== Segment start ==

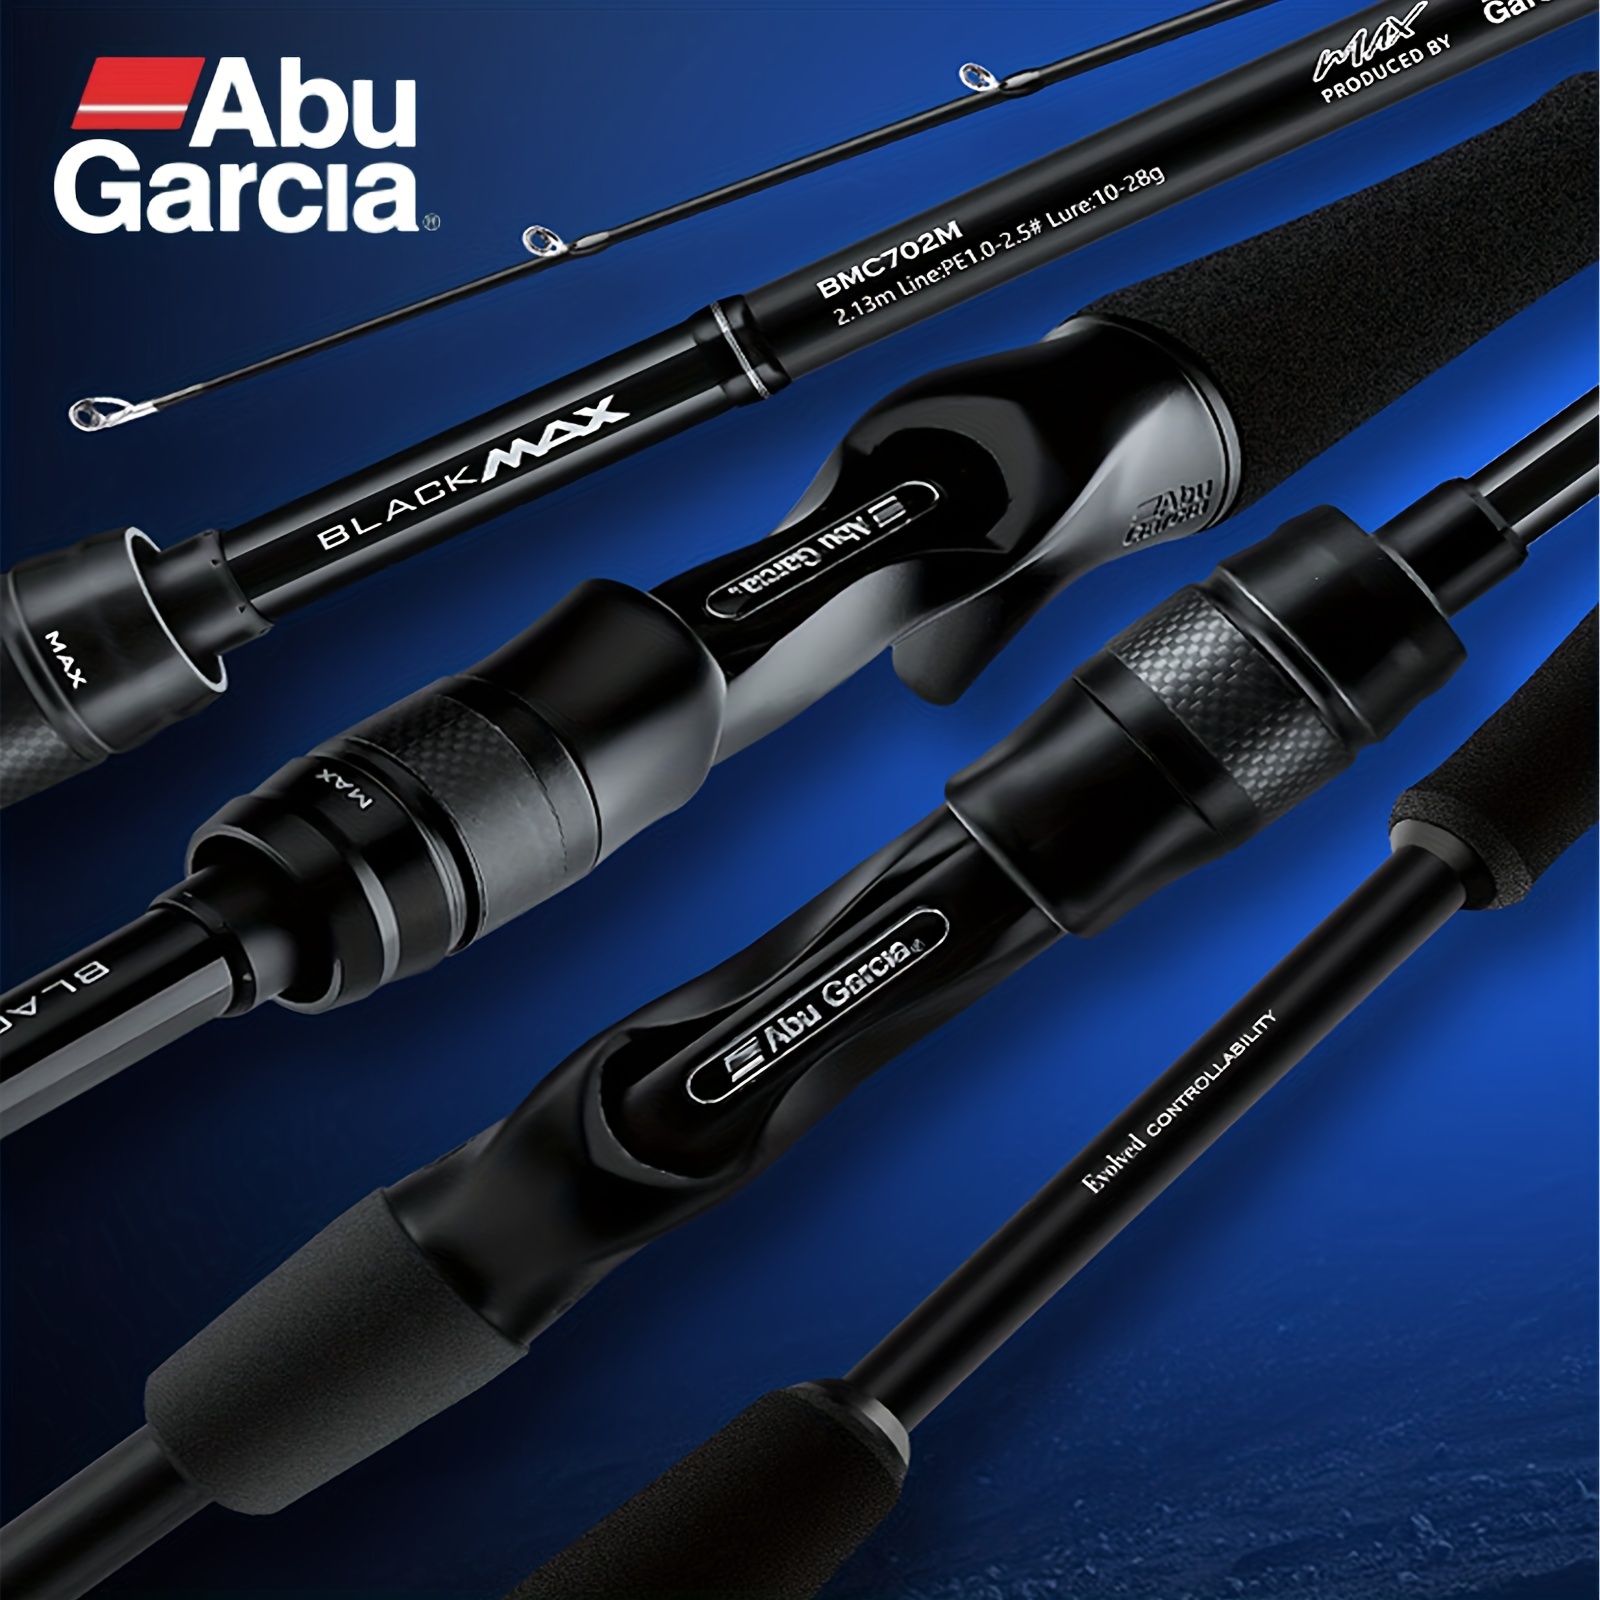 Abu Garcia BMAX 182.88-213.36cm Spinning/Casting Fishing Rod, Carbon Fiber  Casting/Spinning Fishing Rod With EVA Grip, High Sensitivity, Suitable For
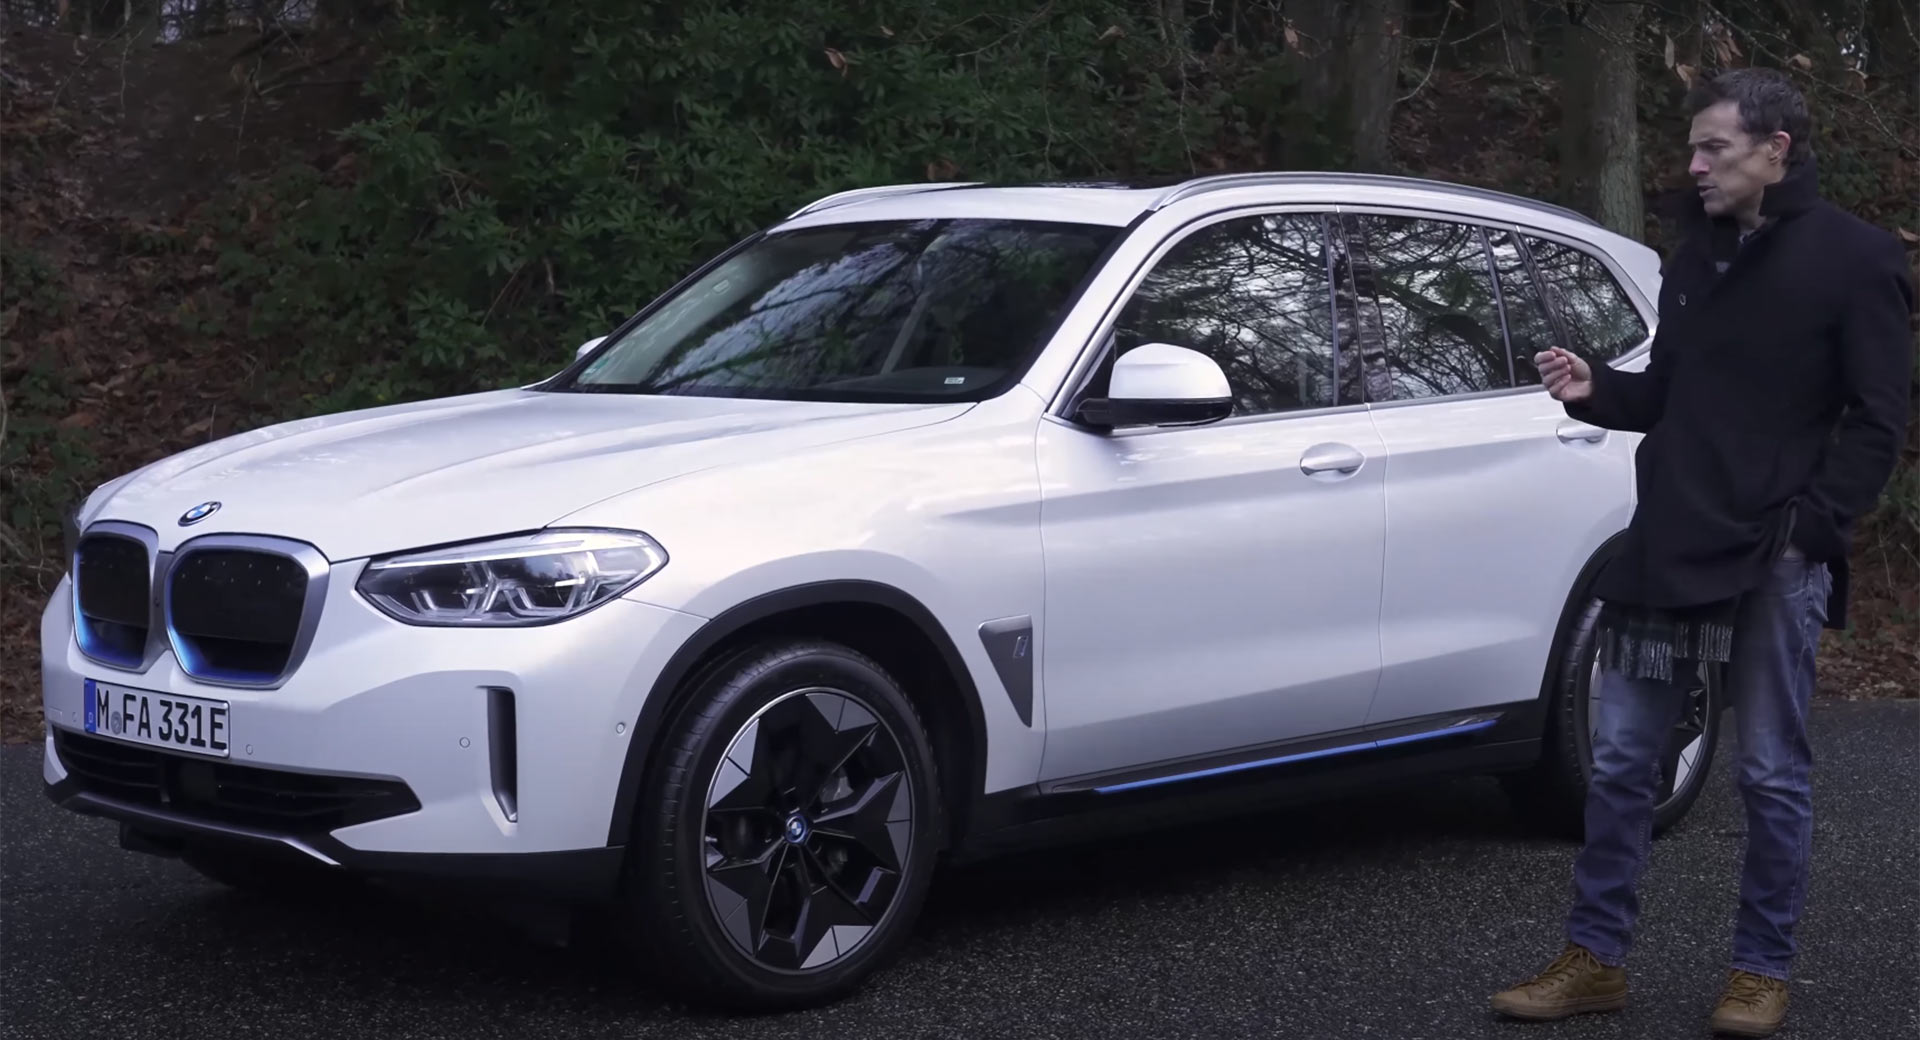 Can The All-Electrical BMW iX3 Outperform Rivals Like The Audi e-tron And Mercedes EQC? Auto Recent
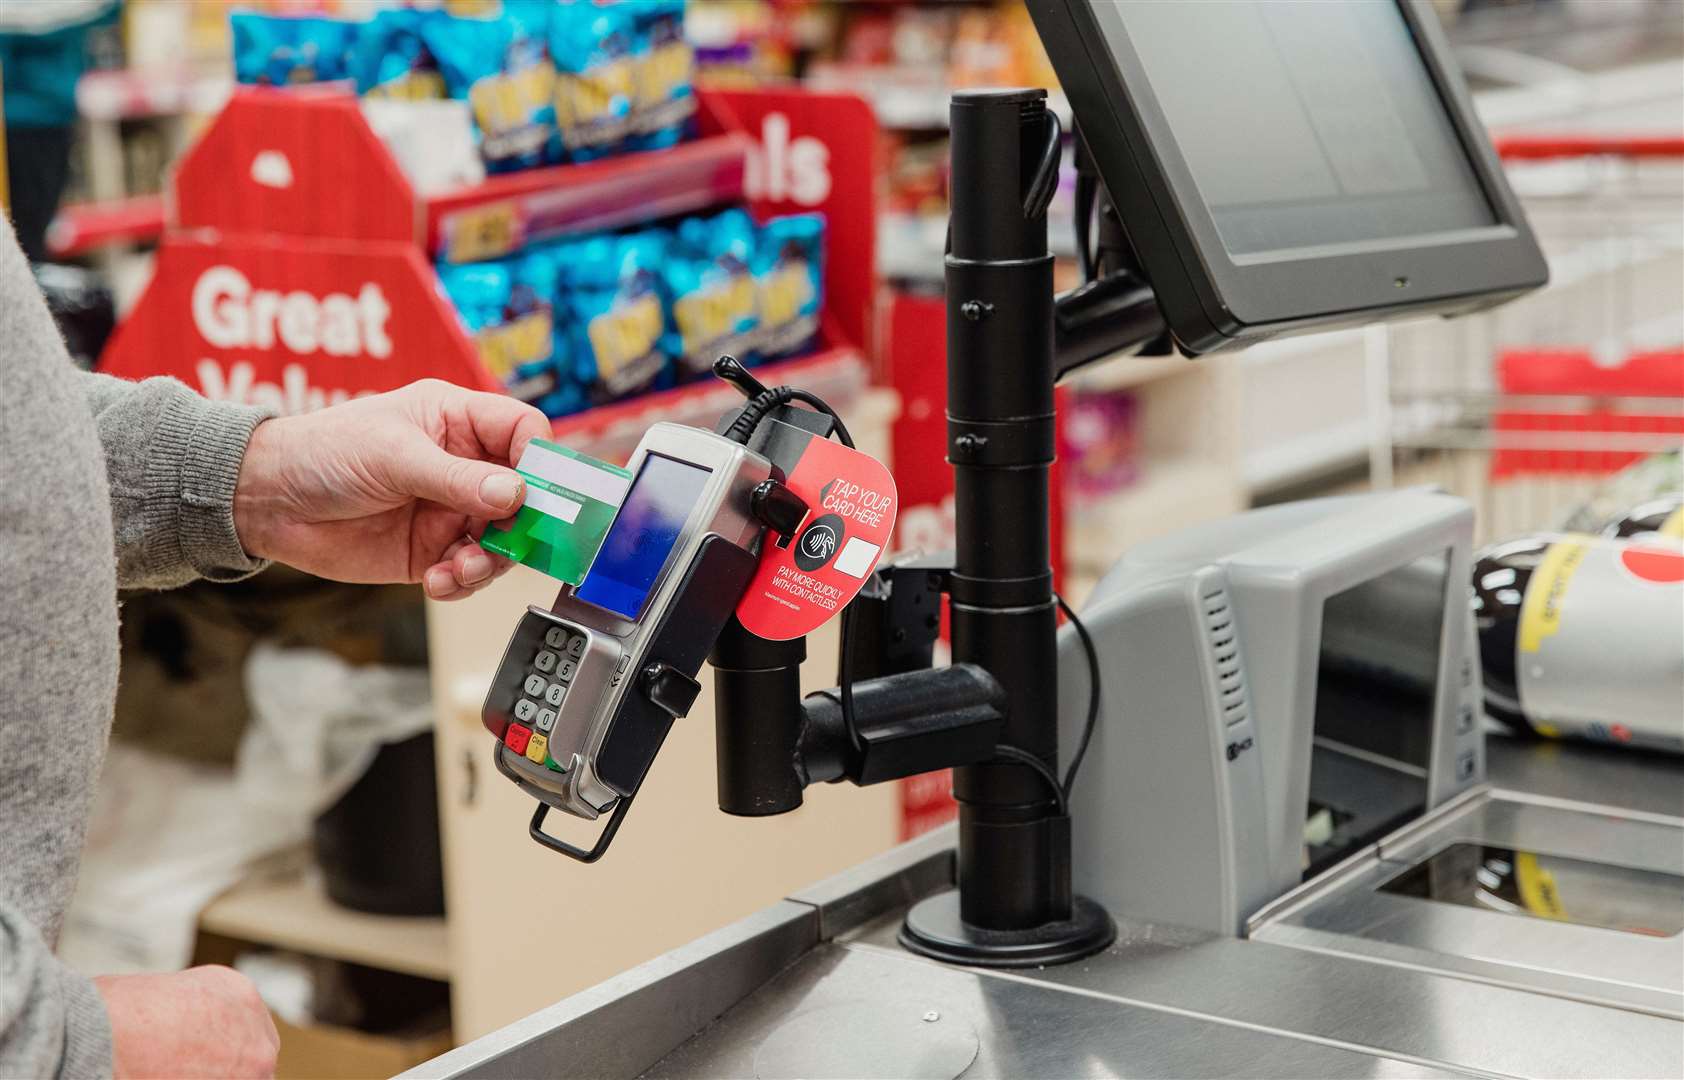 If self-checkouts are problematic for stores introduce more cashiers. Image: iStock.
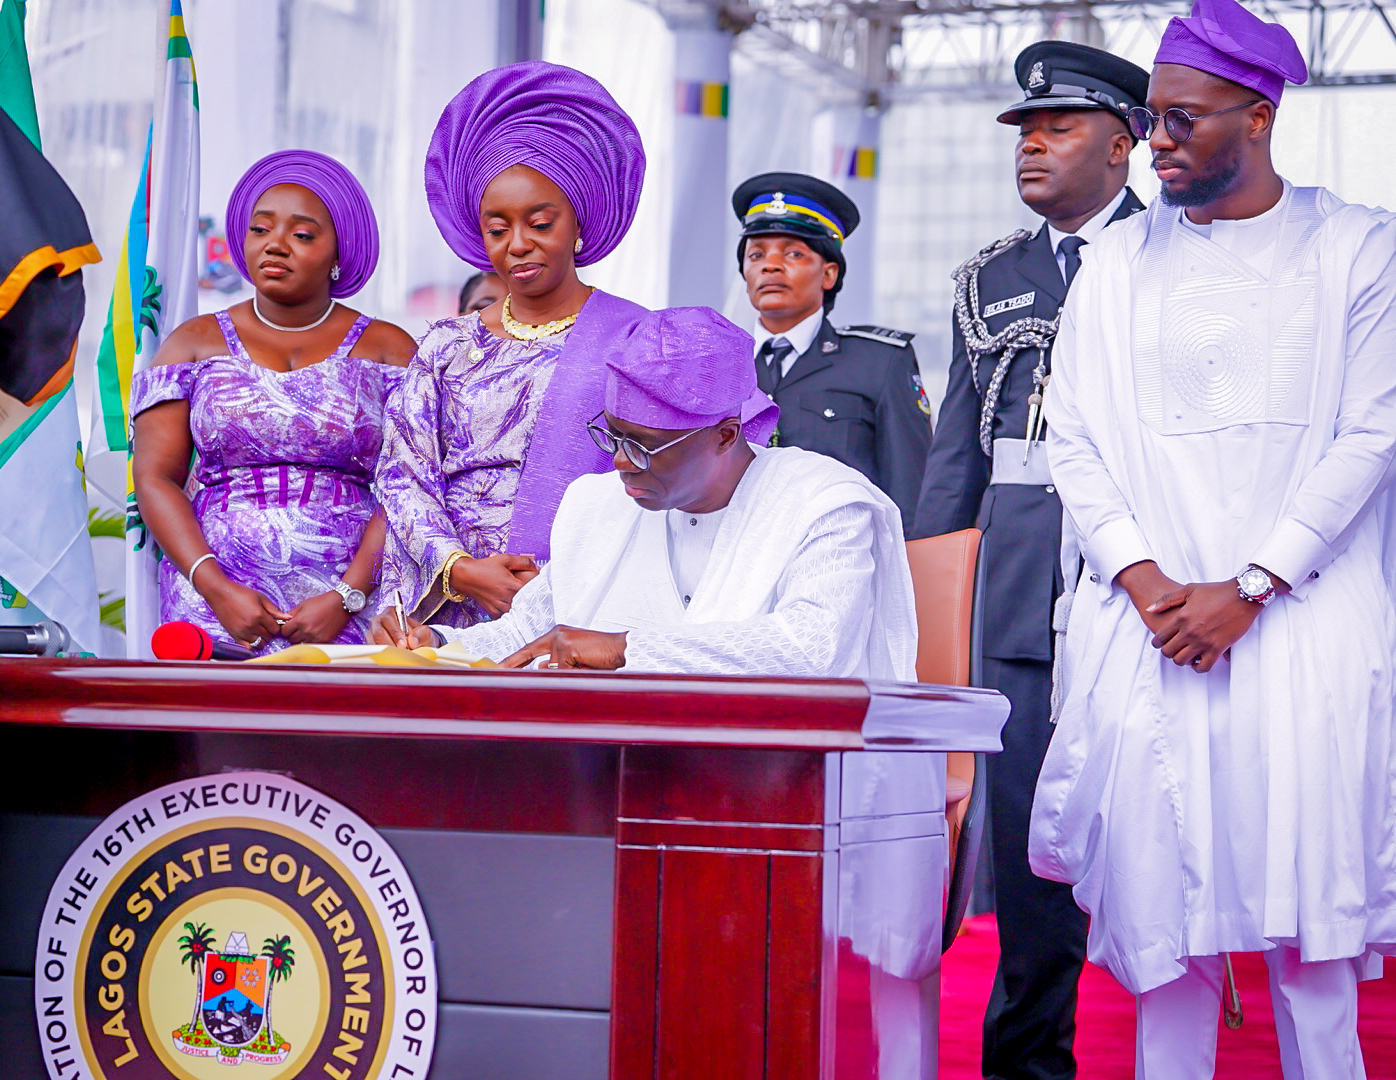 GOVERNOR OF LAGOS STATE, MR BABAJIDE SANWO-OLU  SWORN IN FOR SECOND TERM IN OFFICE AT THE INAUGURATION CEREMONY,  TAFAWA BALEWA SQUARE, LAGOS

== Segment end ==

→ WORK TASK:
Without including any pictures, reproduce the listing exactly.

→ RESULT FOR THIS TASK:
 Abu Garcia BMAX 182.88-213.36cm Spinning/Casting Fishing Rod, Carbon Fiber  Casting/Spinning Fishing Rod With EVA Grip, High Sensitivity, Suitable For
 Can The All-Electrical BMW iX3 Outperform Rivals Like The Audi e-tron And Mercedes EQC? Auto Recent
 If self-checkouts are problematic for stores introduce more cashiers. Image: iStock.
 GOVERNOR OF LAGOS STATE, MR BABAJIDE SANWO-OLU  SWORN IN FOR SECOND TERM IN OFFICE AT THE INAUGURATION CEREMONY,  TAFAWA BALEWA SQUARE, LAGOS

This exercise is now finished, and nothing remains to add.